A CBP spokesperson confirmed by email “that FTZ merchandise with a privileged foreign status date of before February 14, and during the time that the 15 percent Tranche 4A Section 301 duty was in effect, will be subject to the 15 percent duty when withdrawn from FTZ with a consumption entry.”
That position seems to be at odds the expectations of the FTZ industry. Before CBP issued its CSMS message, Marshall Miller, a lawyer with Miller & Company, recently noted that previous CBP guidance on the Section 301 tariffs said that when eligible FTZ goods are entered for consumption, the duty rate depends on the HTS subheading at that time.

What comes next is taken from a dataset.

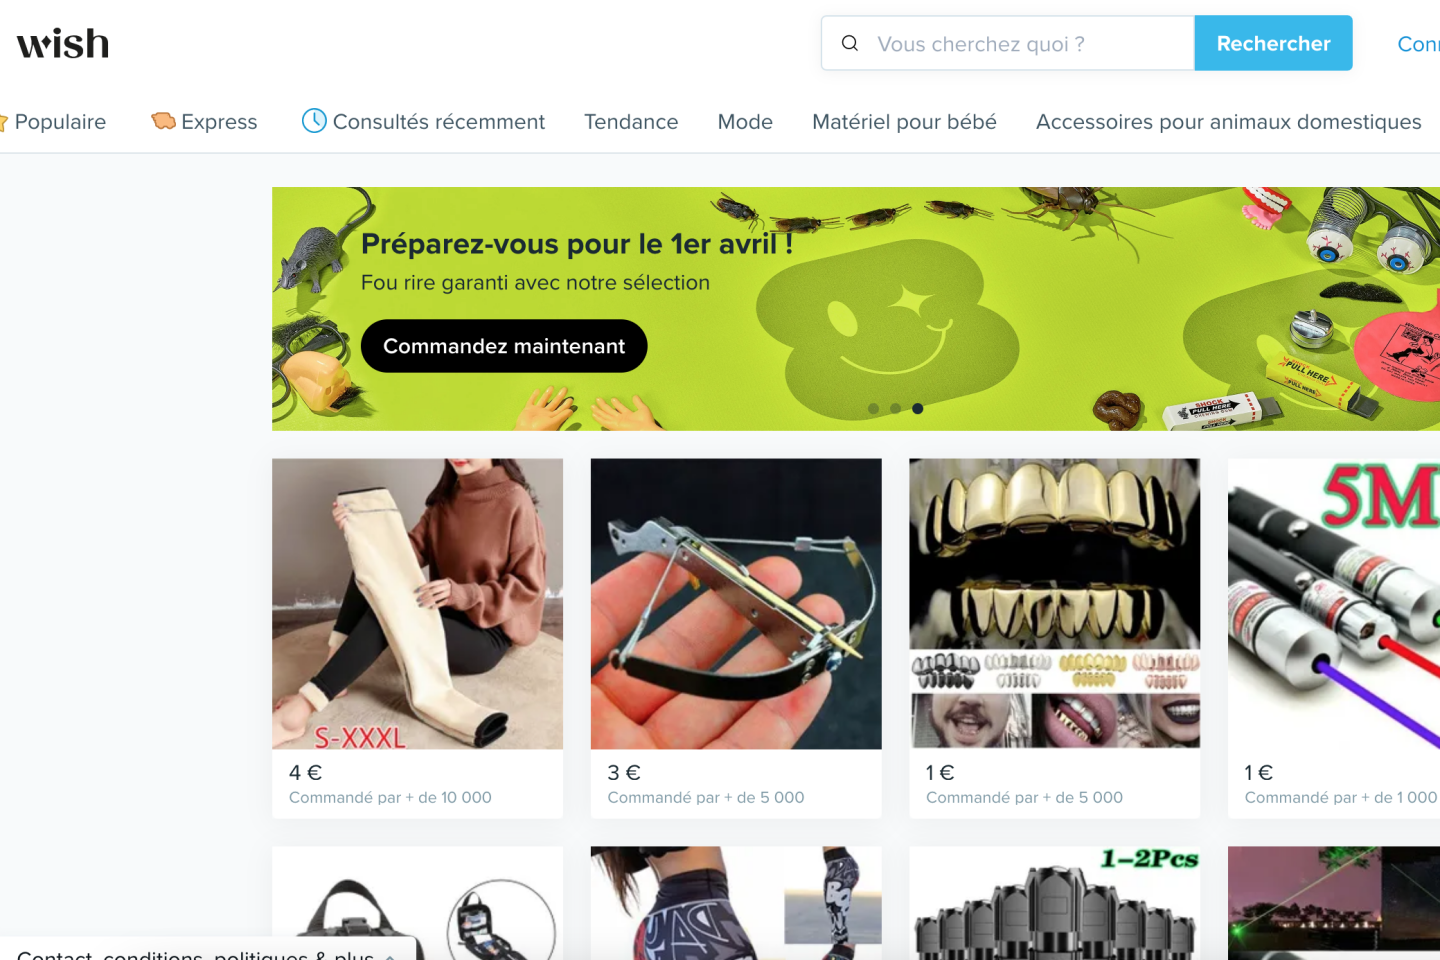 Wish, an online sales site, is back on French search engines

Miller, who is general counsel to the National Association of Foreign-Trade Zones, said in a later email after the CBP message went out that “merchandise admitted in PF status prior to February 14, 2020 will be subject to the higher 15% duty rate.”
As a result, “clients should defer in-bond movements and FTZ admissions of List 4A merchandise until February 14, 2020 to take advantage of the reduced 7.5% duty rate,” Miller said. “As it is unclear how the ACE system will process these entries because the same HTSUS subheading is used for all China Section 301 List 4A merchandise, clients should also instruct their brokers and/or software provide[r]s to use the higher 15% rate for merchandise subject to China Section 301 List 4A duties with a PF election date prior to February 14, 2020 and validate Customs entry records." The NAFTZ did not comment.